Award-winning children’s author Rhoda Blumberg, who translated her passion for history into more than 25 nonfiction books, died at home on June 6. She was 98.

Blumberg was born and raised in Crown Heights, Brooklyn. She received her B.A. degree from Adelphi University in New York, and following graduation became what was then known as a “career girl.” She worked as a freelance writer, researcher, and producer for both CBS Radio and NBC Radio, a talent scout for Simon & Schuster, and wrote features for several national publications.

In 1945 she married attorney Gerald Blumberg, six months after their first meeting. The couple moved to a farm in Westchester County in 1951 and Rhoda then spent more than 20 years raising their four children. She was said to take great joy in introducing the children to the wonders of nature, the arts, and travel, among other pursuits.
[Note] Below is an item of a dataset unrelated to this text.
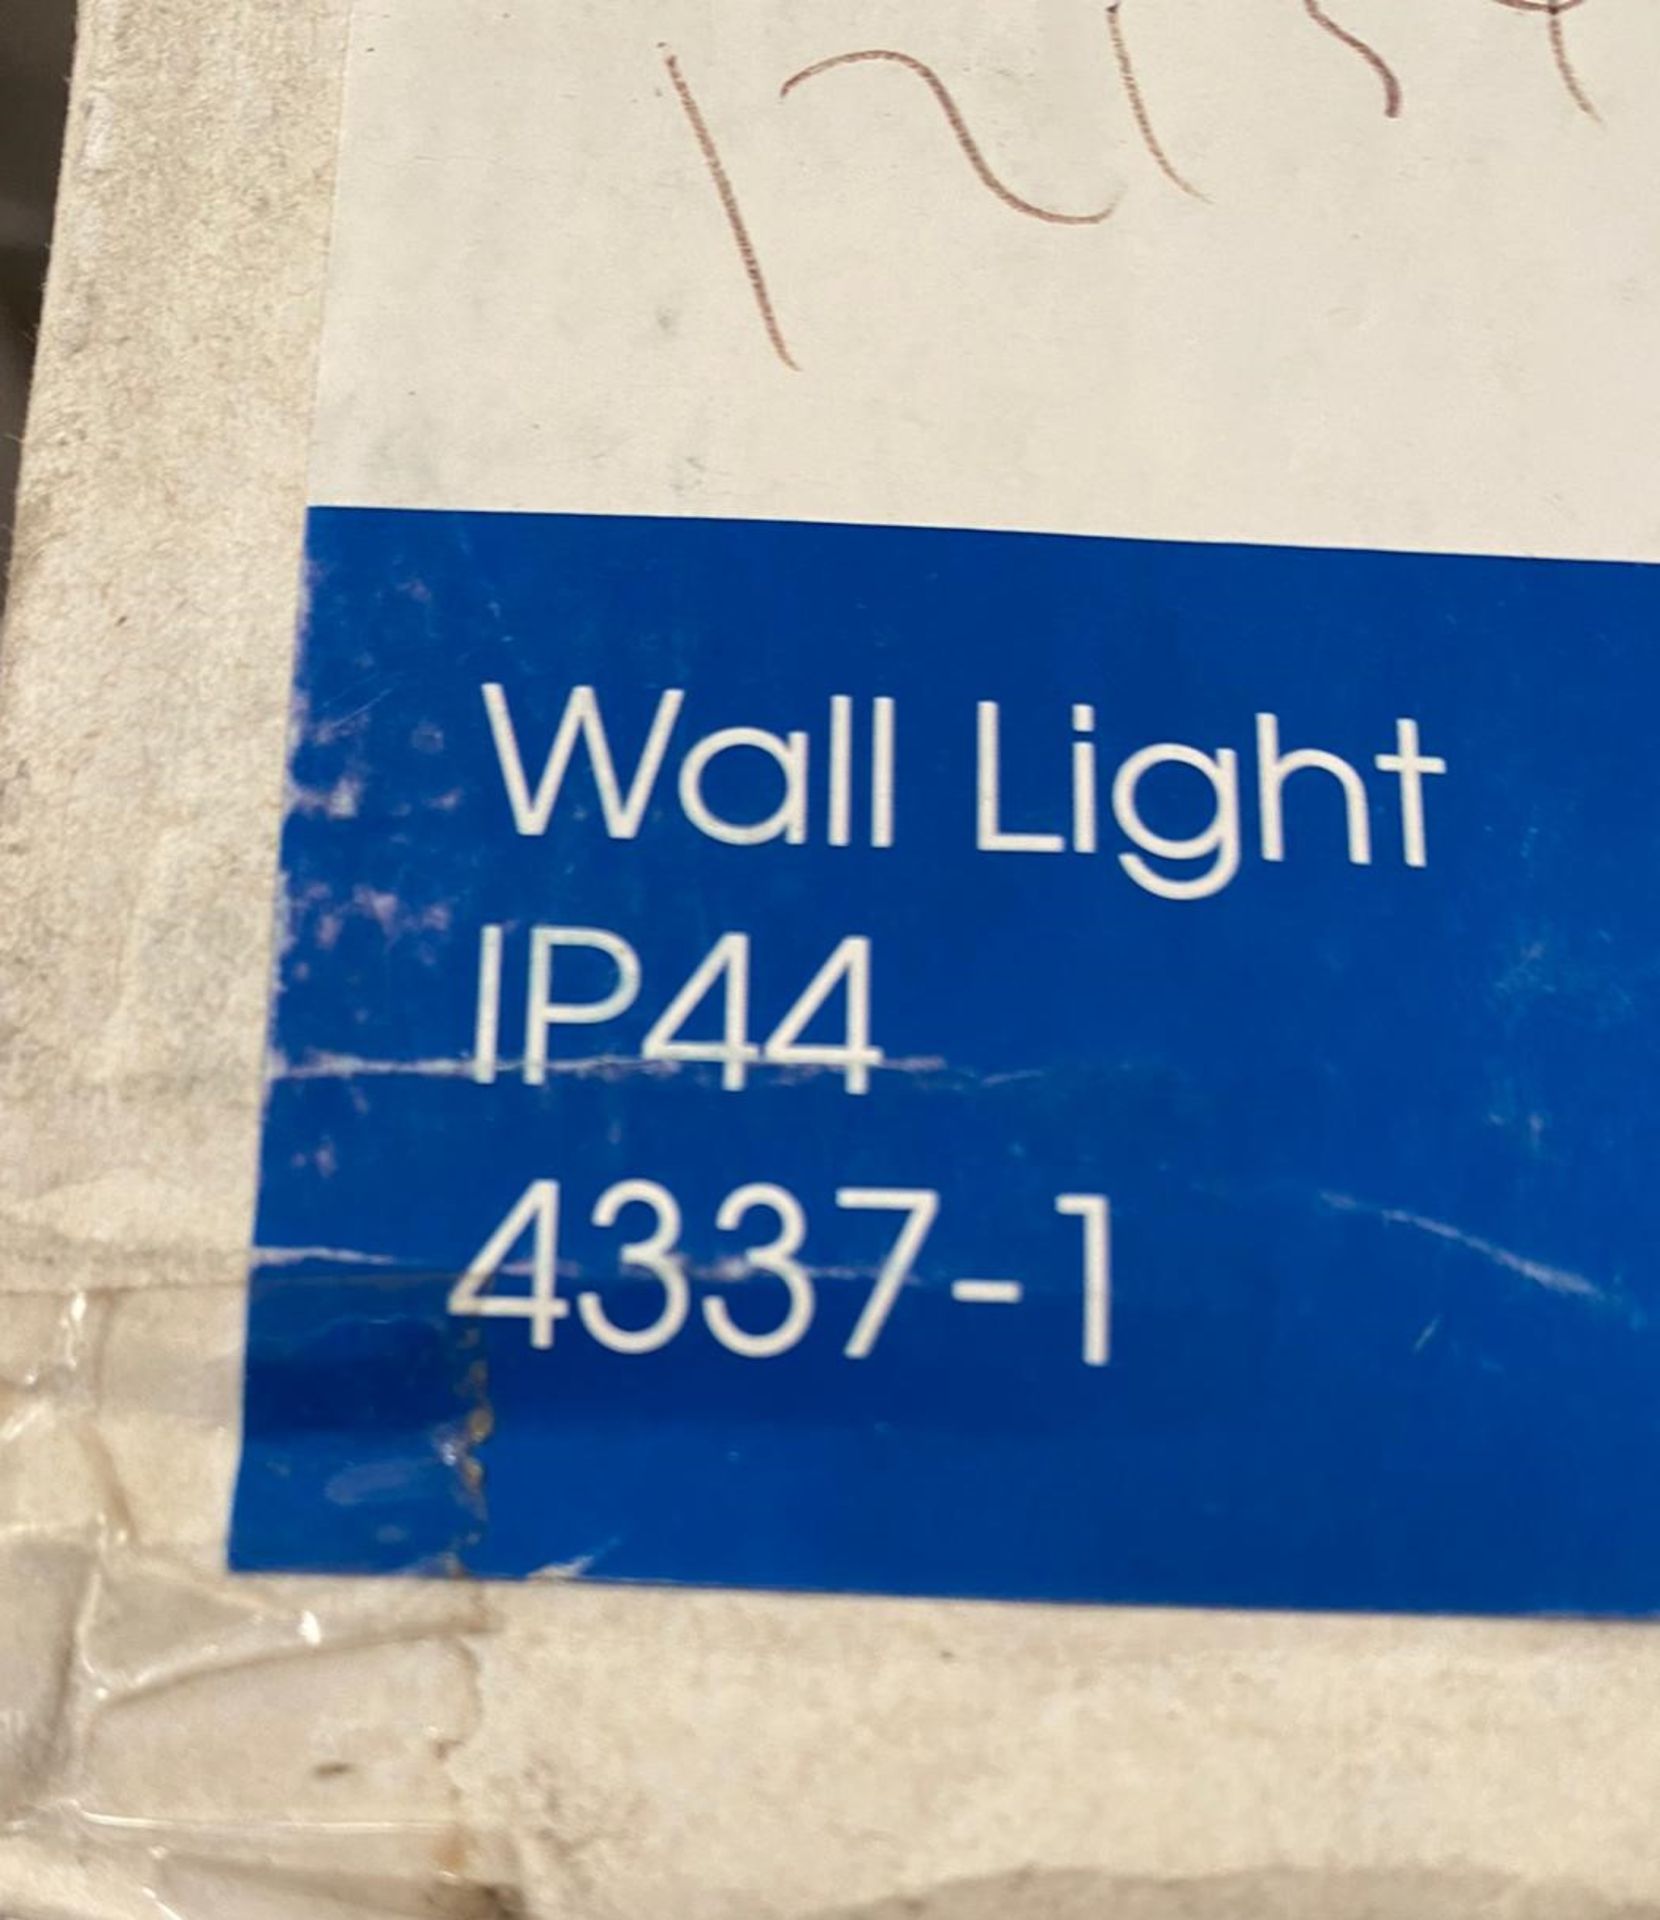 1 x Searchlight LED Wall Light in chrome with a glass shade - Ref: 4337-1 - New and Boxed Stock - Image 2 of 4

By the 1970s, the Blumbergs had an empty nest when their youngest child entered college. At that time, Rhoda rekindled her interest in writing and reconnected with her fondness for history and research. In 1973, she worked as executive editor of Simon & Schuster’s travel guides, , and soon after tried her hand at writing children’s nonfiction. Her first title for young readers, Firefighters, was published by Franklin Watts in 1975. She wrote prolifically for the next 30 years, producing more than 25 books. Though she explored many nonfiction topics, it was her historical books that received the highest accolades and warmest praise in various journal reviews for being “meticulously documented,” “beautifully written” and “entertaining.” Her 1985 title Commodore Perry in the Land of the Shogun (Lothrop, Lee & Shepard) was awarded a 1986 Newbery Honor and the Boston-Globe-Horn Book Award, among other commendations. Her most recent books include Shipwrecked! The True Adventures of a Japanese Boy (HarperCollins, 2001), and York’s Adventures with Lewis and Clark: An African-American’s Part in the Great Expedition (2004).

Her longtime editor, Barbara Lalicki, who retired as senior v-p and editorial director for HarperCollins Children’s Books in 2013 and now teaches at Pratt Institute in Manhattan, offered this remembrance: “Sparkling, brilliant, alert to the telling detail, and fun to be with – words that describe Rhoda, and her vibrant, meticulously researched nonfiction as well.”

Blumberg is survived by her four children and their spouses, as well as nine grandchildren, 10 great-grandchildren, and her sister. Jerry Blumberg passed away in 2009 shortly after their 64th wedding anniversary.

A funeral will be held on Friday, June 10 at 11 a.m. at Temple Israel of Northern Westchester.